Let's use BitsAndBytes to create a quantization config before we load our pretrained model. This way, it will be quantized during loading. We'll load it in 4 bits, and we'll use the `NF4` quantization type. It constructs a quantization data type where each bin has equal area under a standard normal distribution N(0, 1) that is normalized into the range [-1, 1].

In [13]:
import torch
from transformers import AutoTokenizer, AutoModelForCausalLM, BitsAndBytesConfig

base_model_id = "EleutherAI/pythia-160m"

bnb_config = BitsAndBytesConfig(
    load_in_4bit=True,
    bnb_4bit_quant_type="nf4",
    bnb_4bit_use_double_quant=True,
    bnb_4bit_compute_dtype=torch.float32
)

# Loads base model without quantization
model = AutoModelForCausalLM.from_pretrained(base_model_id)

# Loads quantized model right away
q_model = AutoModelForCausalLM.from_pretrained(base_model_id, quantization_config=bnb_config)
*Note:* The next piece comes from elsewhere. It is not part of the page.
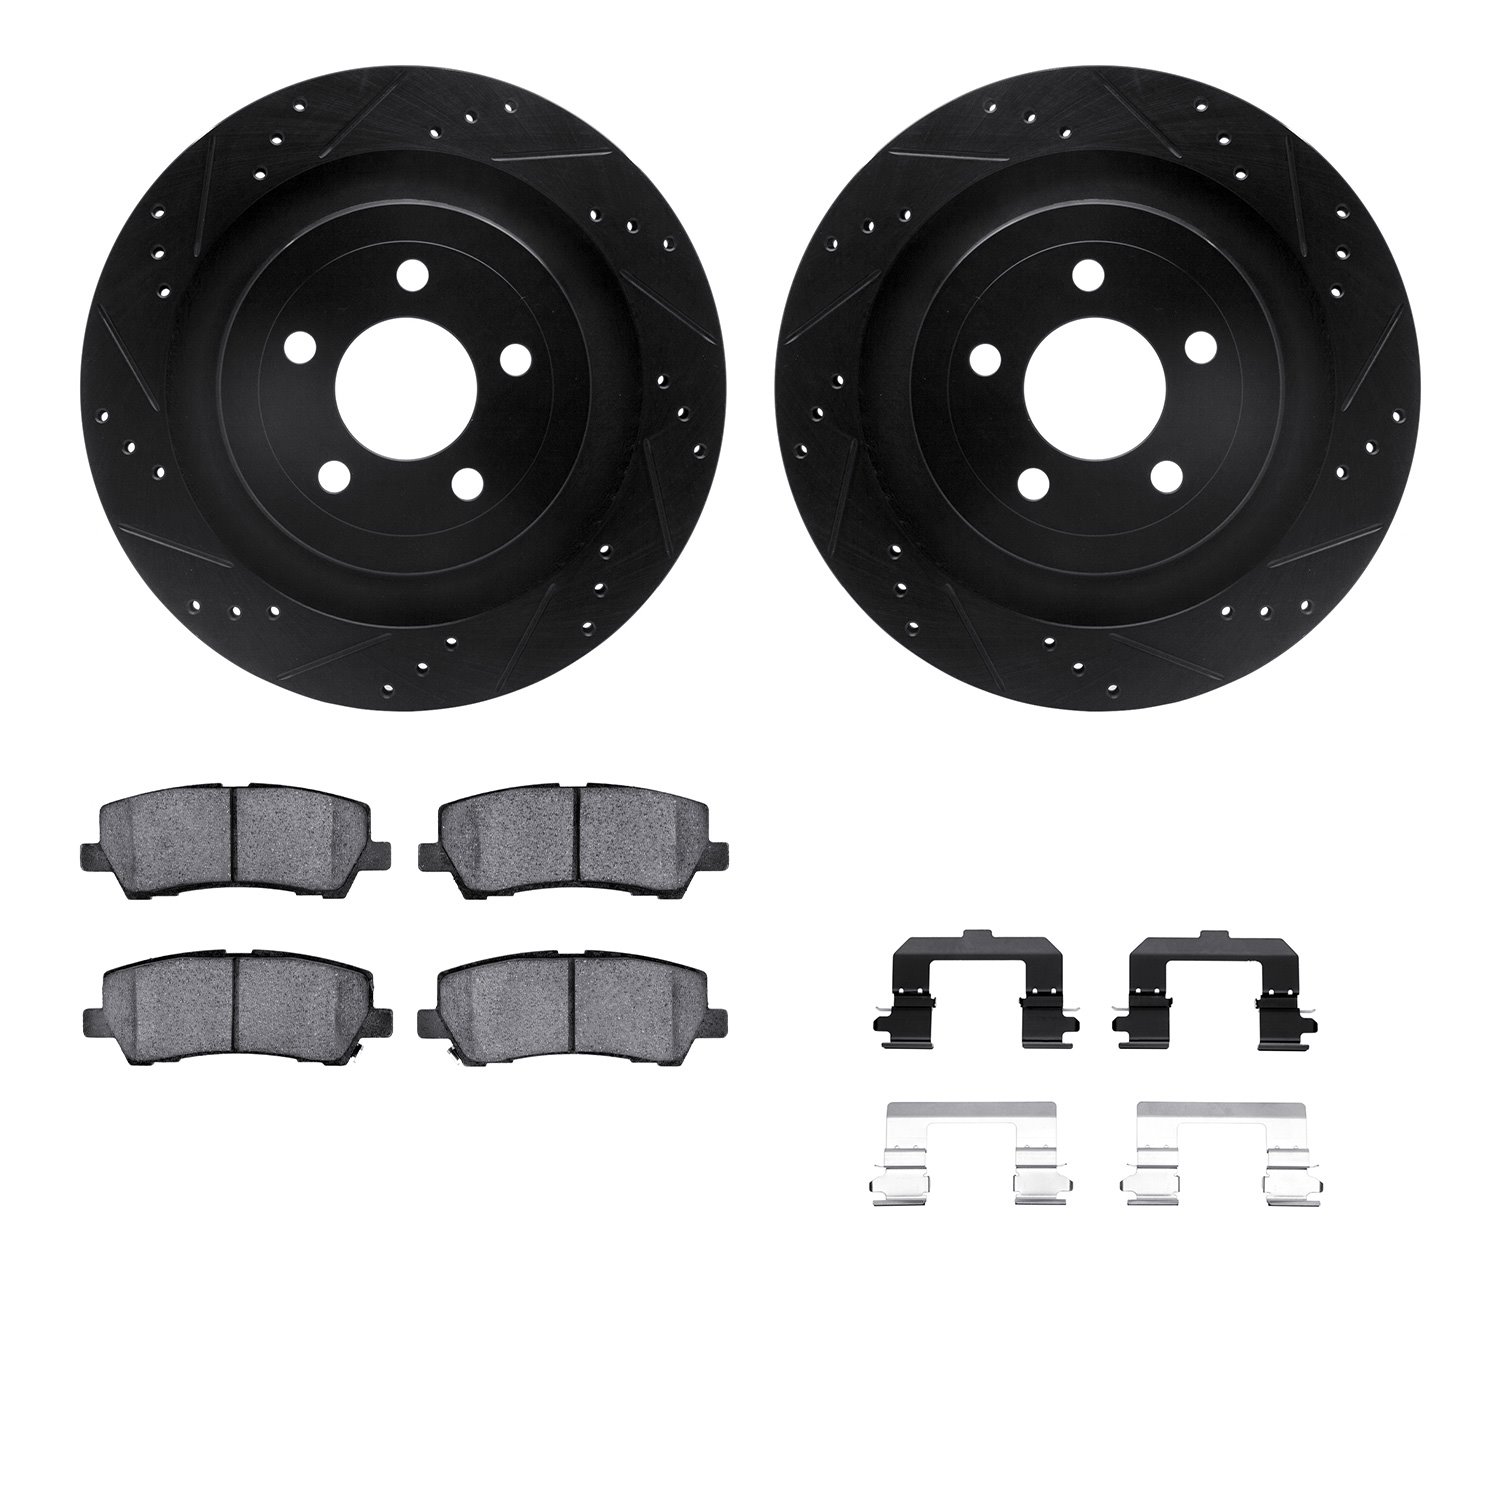 8312-54232 Drilled/Slotted Brake Rotors with 3000-Series Ceramic Brake Pads Kit & Hardware [Black], Fits Select Ford/Lincoln/Mer

`low_cpu_mem_usage` was None, now set to True since model is quantized.


We can use `get_memory_footprint()` method to get an estimated size of the model.

In [14]:
print(model.get_memory_footprint()/1e6, q_model.get_memory_footprint()/1e6)

702.769584 250.721688


We'll use the `model_size()` helper function to compare the models along the way in more detail.

In [15]:
# https://discuss.pytorch.org/t/finding-model-size/130275/11

def model_size(model, include_buffer=True):
    param_size = 0
    parm_list = []
    for name, param in model.named_parameters():
        subtotal = param.nelement() * param.element_size()
        parm_list.append((name, subtotal, param.requires_grad))
        param_size += subtotal
    buffer_size = 0
    if include_buffer:
        for buffer in model.buffers():
            buffer_size += buffer.nelement() * buffer.element_size()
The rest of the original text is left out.